** DATA EXCERPT **
+ + +

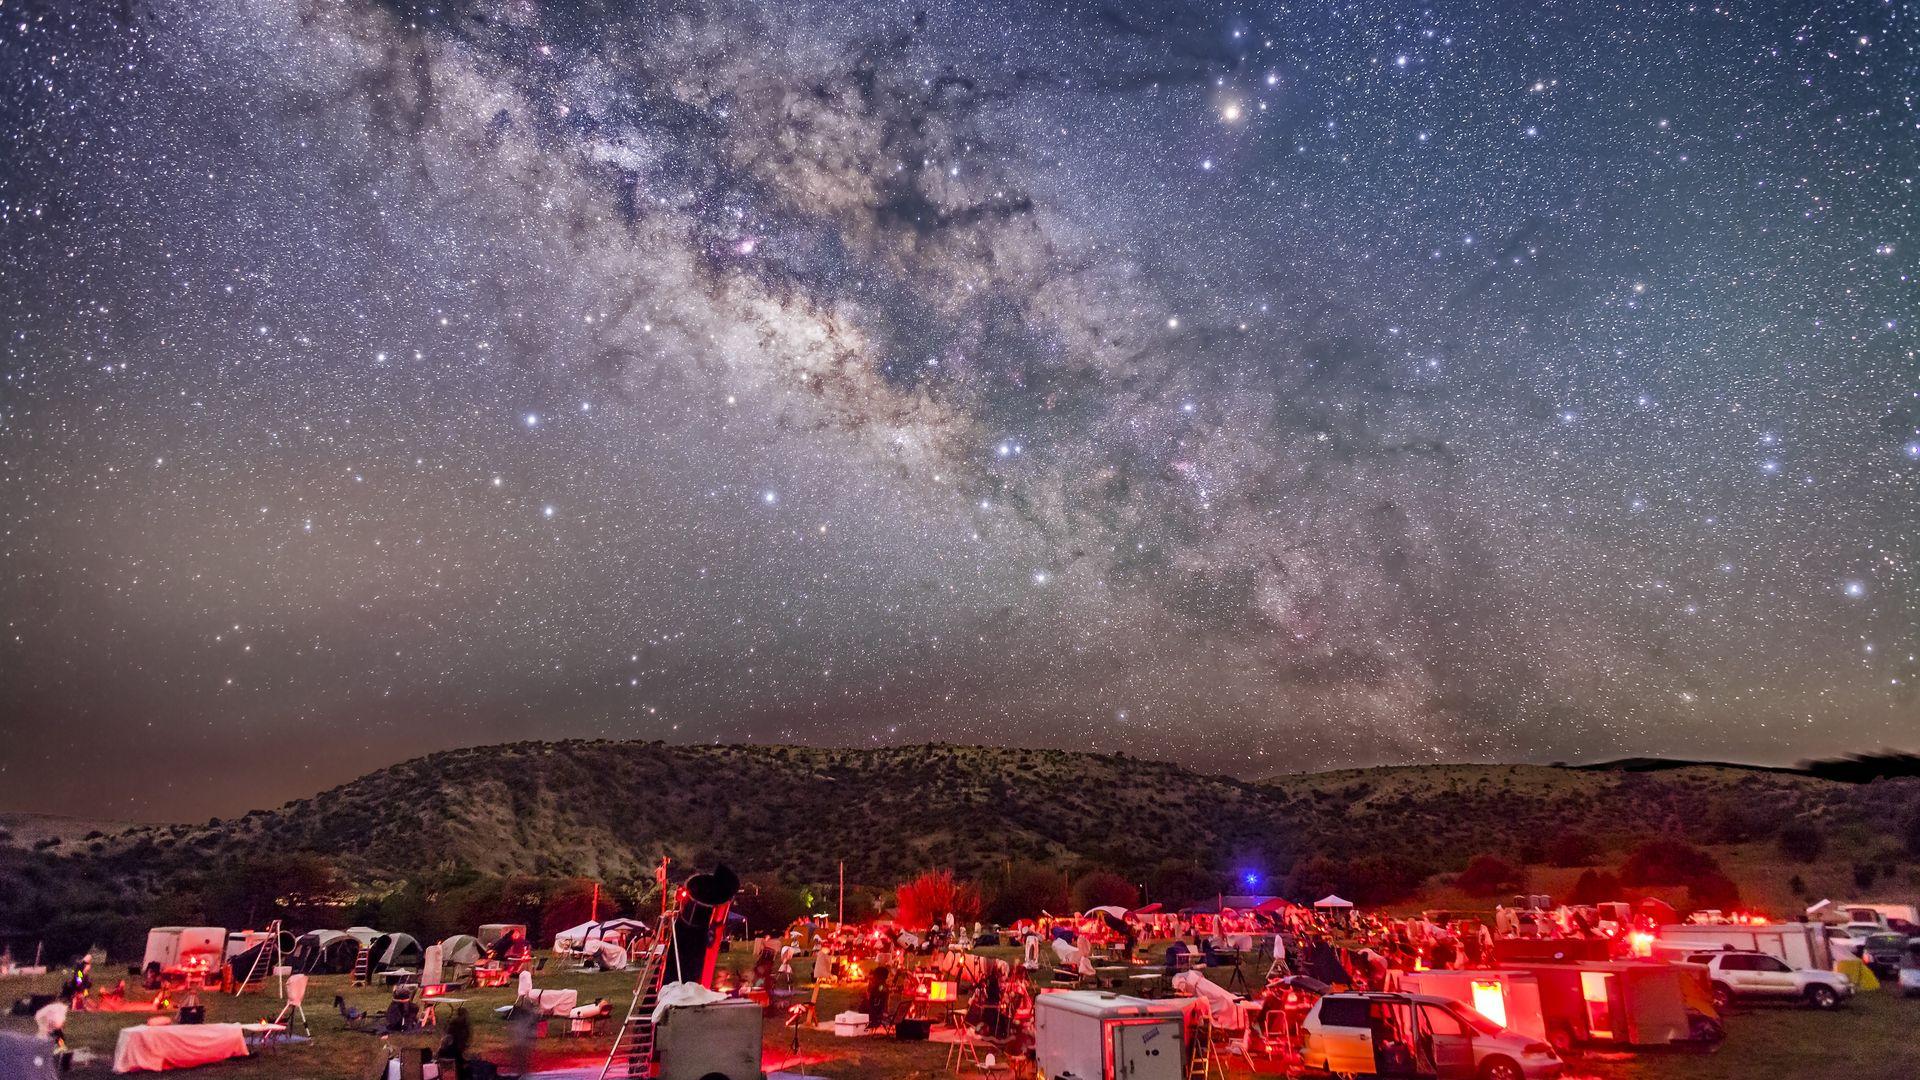 The Milky Way, as seen over Fort Davis, Texas
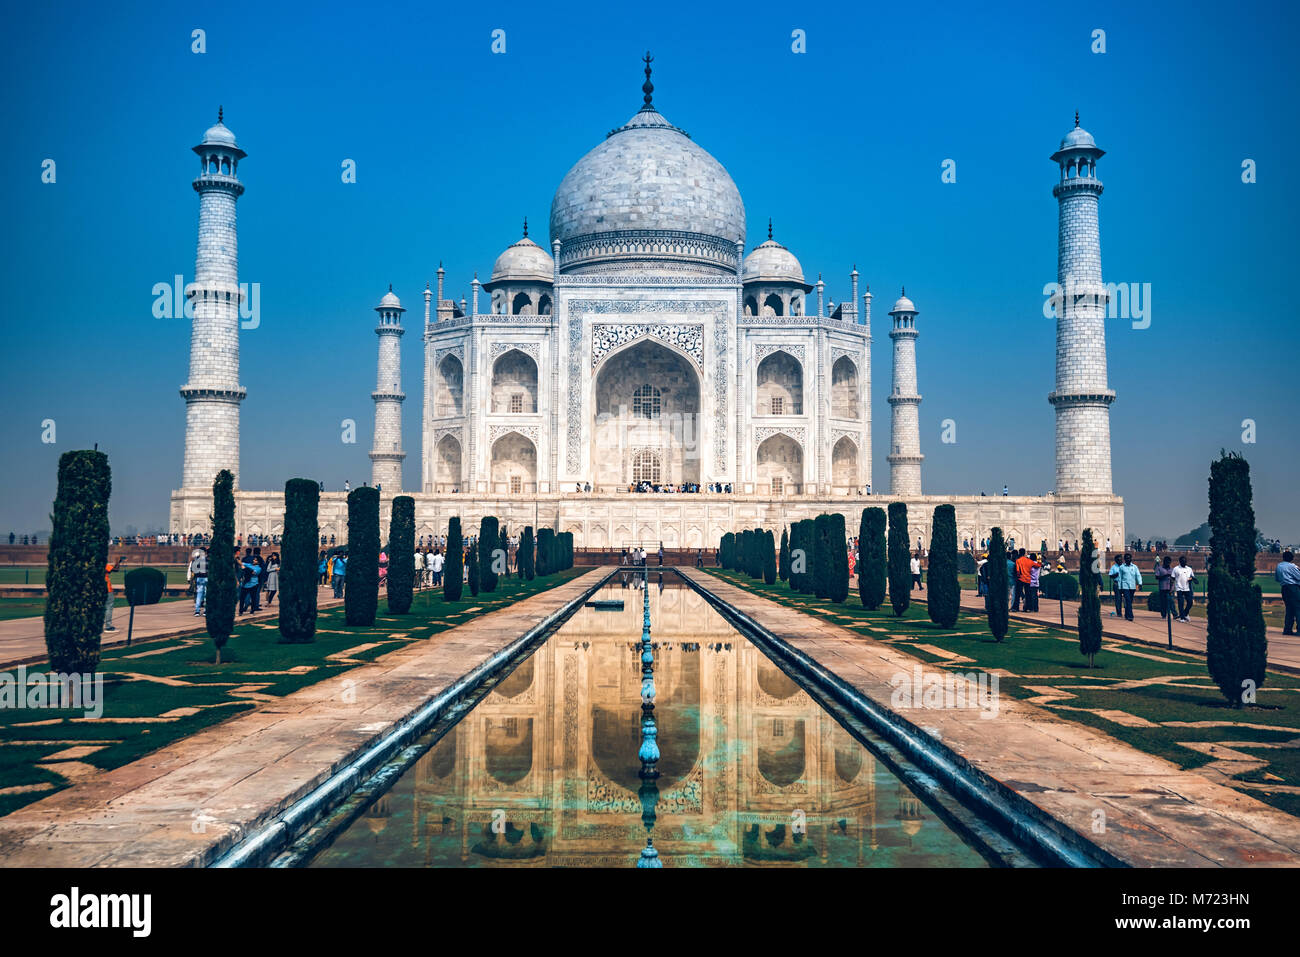 AGRA, INDE - Novembre 8, 2017: Taj Mahal vue panoramique à Agra, en Inde. Photo Stock
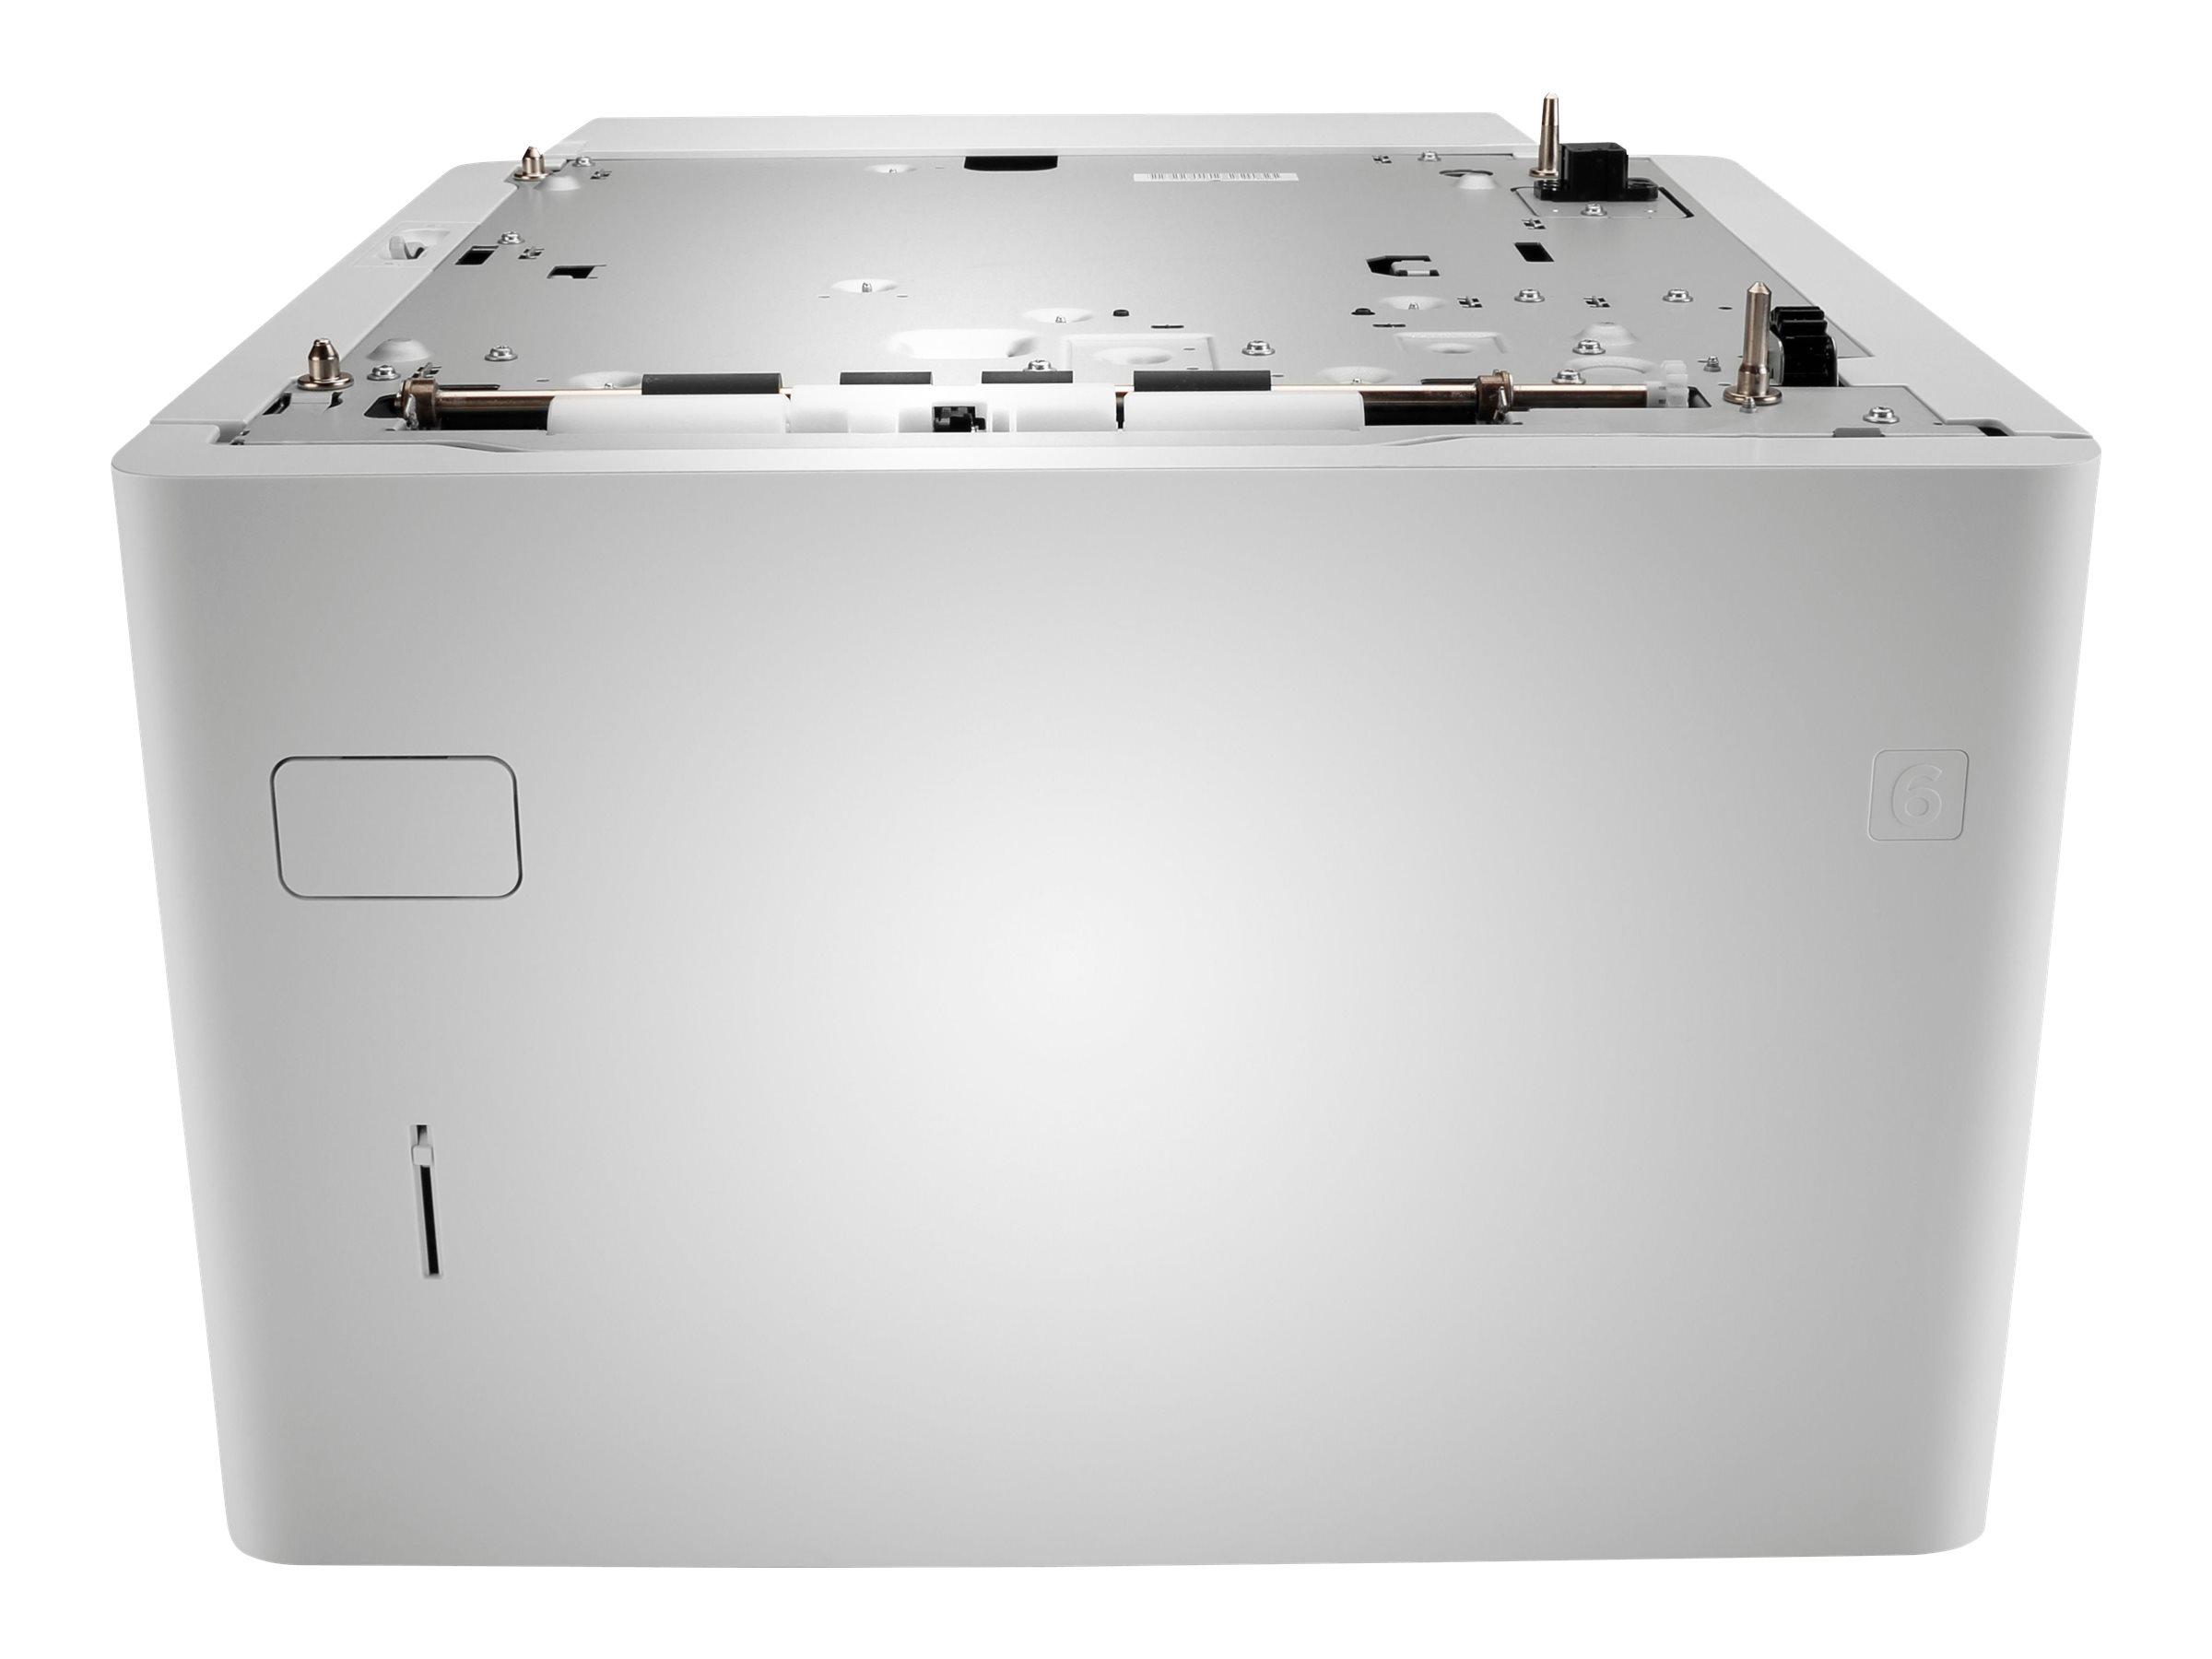 HP Papierzuführung  F2G73A 1500 Blatt für HP LaserJet Enterprise M604/M605 Series

+ + +

** INSTRUCTIONS TO FOLLOW **
What is needed is an exact repeat of only the lines from the one containing "AGRA, INDE - Novembre" through the last line of the listing above, both ends included, without the pictures.

** RESULT OF THE EXERCISE **
 AGRA, INDE - Novembre 8, 2017: Taj Mahal vue panoramique à Agra, en Inde. Photo Stock
 HP Papierzuführung  F2G73A 1500 Blatt für HP LaserJet Enterprise M604/M605 Series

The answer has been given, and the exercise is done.